The photographer noted “There’s something Heathcliffey about this place”

Byegate Hall, Northumberland. © Copyright ian shiell and licensed for reuse under this Creative Commons Licence.
Photo © Copyright ian shiell and licensed for reuse under this Creative Commons Licence.
Have been trying to find out more about Bygate Hall, where Mark Forster was born 6 Dec 1782 according to this document.
Jack Forster drew this map showing where the home was located when he visited there in about 1962.
If you search Bygate Hall on the web you find “Bygate Hall Cottages” by the Coquet River, but these are not located in quite the right place according to Jack’s map. The link below shows both Bygate Hall Cottages where a stream called Croft Sike joins the R. Coquet, as well as the place which Jack indicated, which is midway between Bell Hill to the north and Long Hill to the south and well to the west of the Coquet River and called “Byegate Hall”. You might need to track to the south-west and zoom in as the map doesn’t seem to open at exactly the spot I intend it to.

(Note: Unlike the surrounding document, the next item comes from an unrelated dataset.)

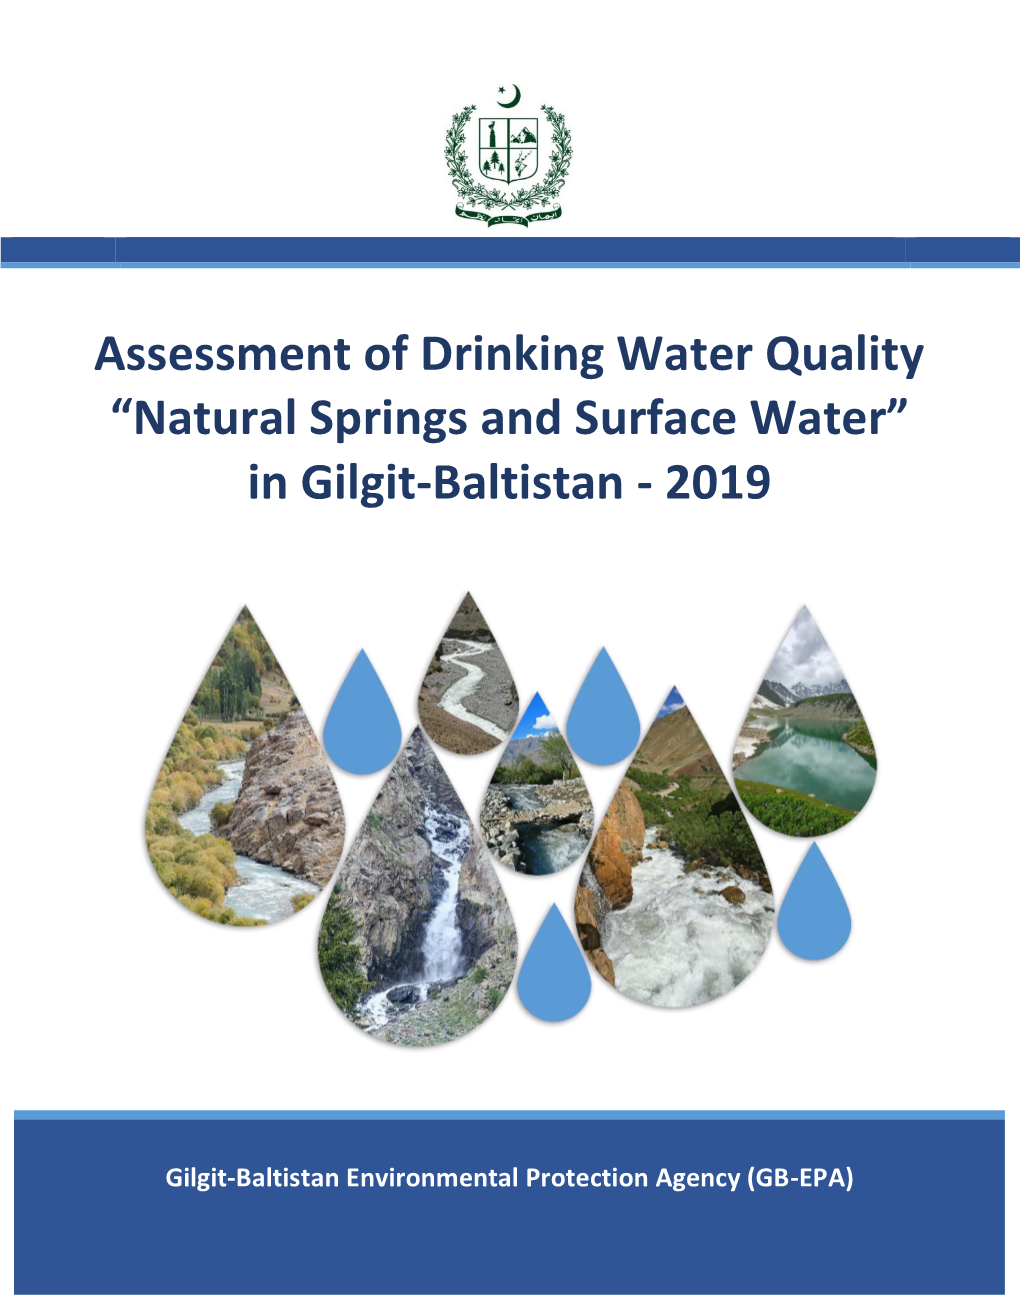 Assessment of Drinking Water Quality “Natural Springs and Surface Water”

http://www.streetmap.co.uk/grid/386500_610500_120
I think “Byegate Hall” is where Mark Forster was born. They were less pedantic about spelling back then. It’s certainly the place Jack Forster meant, and Jack led us to believe that it was the Forster’s ancestral home.
Here are more photos of Byegate Hall, now apparently abandoned if not derelict If you want to copy them be sure to credit the photographer.

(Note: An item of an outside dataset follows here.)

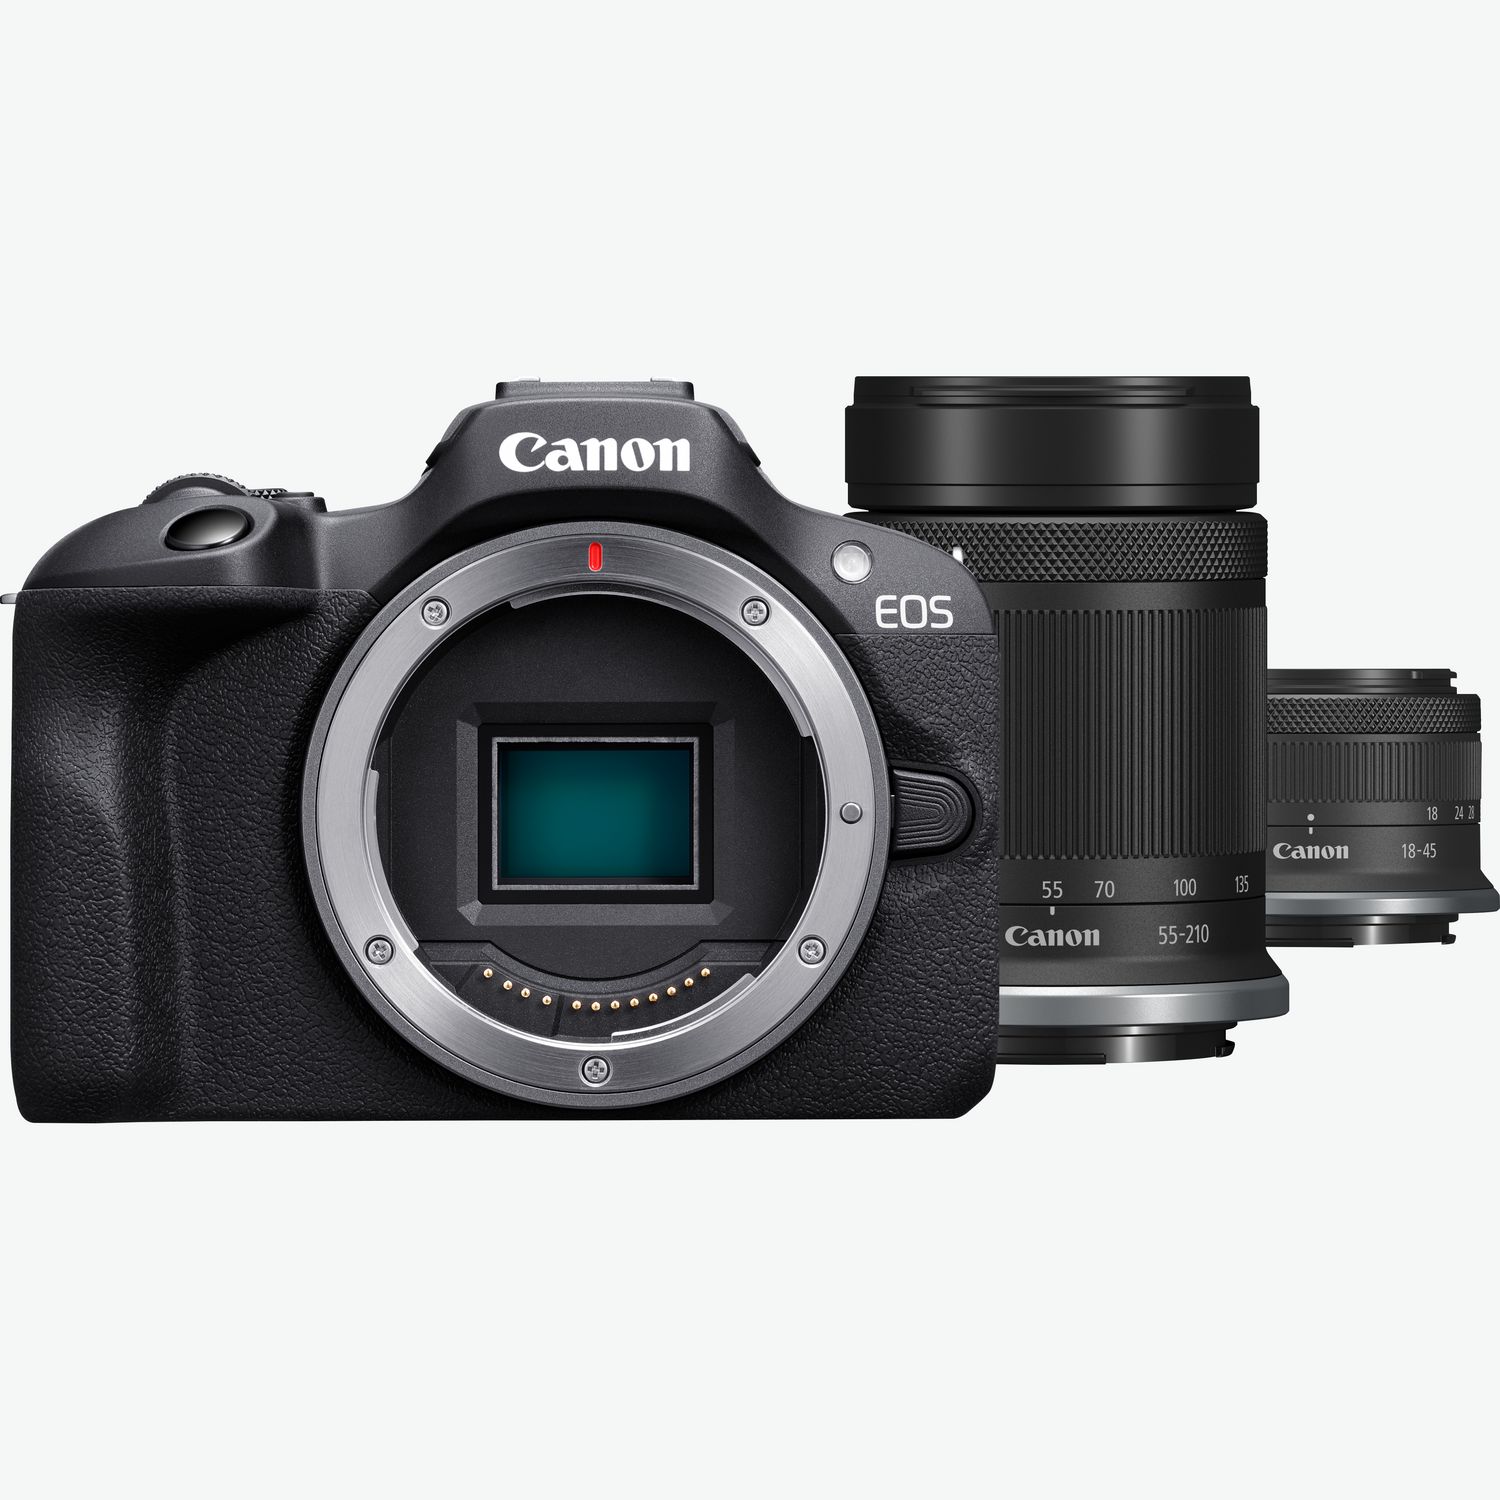 Buy Canon EOS M100 Black + EF-M 15-45mm f/3.5-6.3 IS STM Lens Black in  Discontinued — Canon Ireland Store

Just to muddy the picture though, Google quickly finds a reference from 26 June 1760 to “William Marshall, Byegate Hall, gentleman” and from 15 Aug 1810 when a John Marshall of Byegate Hall, farmer, died of consumption aged 24 and was buried at Burness, to the southwest of Bygate Hall. These two dates straddle the 1782 date of Mark Forster’s birth, so where do the Forsters fit in at Byegate or Bygate Hall?
Postscript: Have answered my own question after spending a few days reading the Allenton (Alwinton) Parish register. Many people lived at Bygate Hall – it was pretty much a small village in itself in the eighteenth century. The Forsters were definitely employees! More in a later post.